Without any of the pictures, print every record below exactly.

■ ■ ■ ■ ■

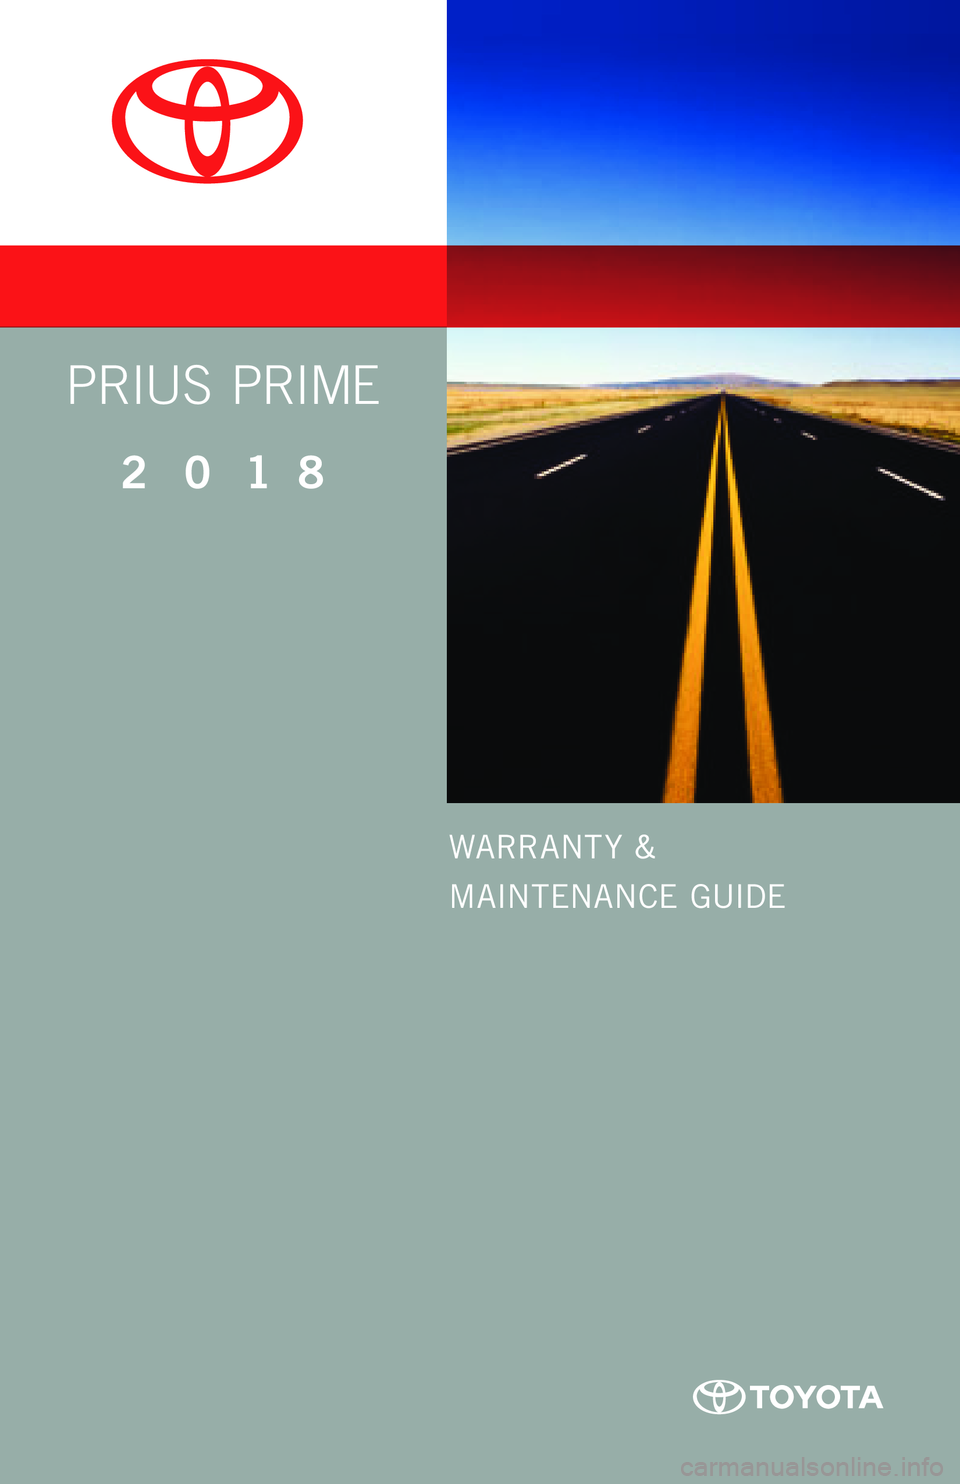 TOYOTA PRIUS PRIME 2018  Warranties & Maintenance Guides (in English) WARRANT Y &
MAINTENANCE GUIDE
Printed  in  U.S.A . 12/17
17-TCS -09999
PRIUS  PRIME
2 0 1 8 
www.toyota.com
17-TCS-09999_WMG_Cover_PRIUS_PRIME_1_1F_lm.indd   112/7/17   11:26 AM

■ ■ ■ ■ ■

[SOLUTION FOR THIS PROBLEM]
 TOYOTA PRIUS PRIME 2018  Warranties & Maintenance Guides (in English) WARRANT Y &
MAINTENANCE GUIDE
Printed  in  U.S.A . 12/17
17-TCS -09999
PRIUS  PRIME
2 0 1 8 
www.toyota.com
17-TCS-09999_WMG_Cover_PRIUS_PRIME_1_1F_lm.indd   112/7/17   11:26 AM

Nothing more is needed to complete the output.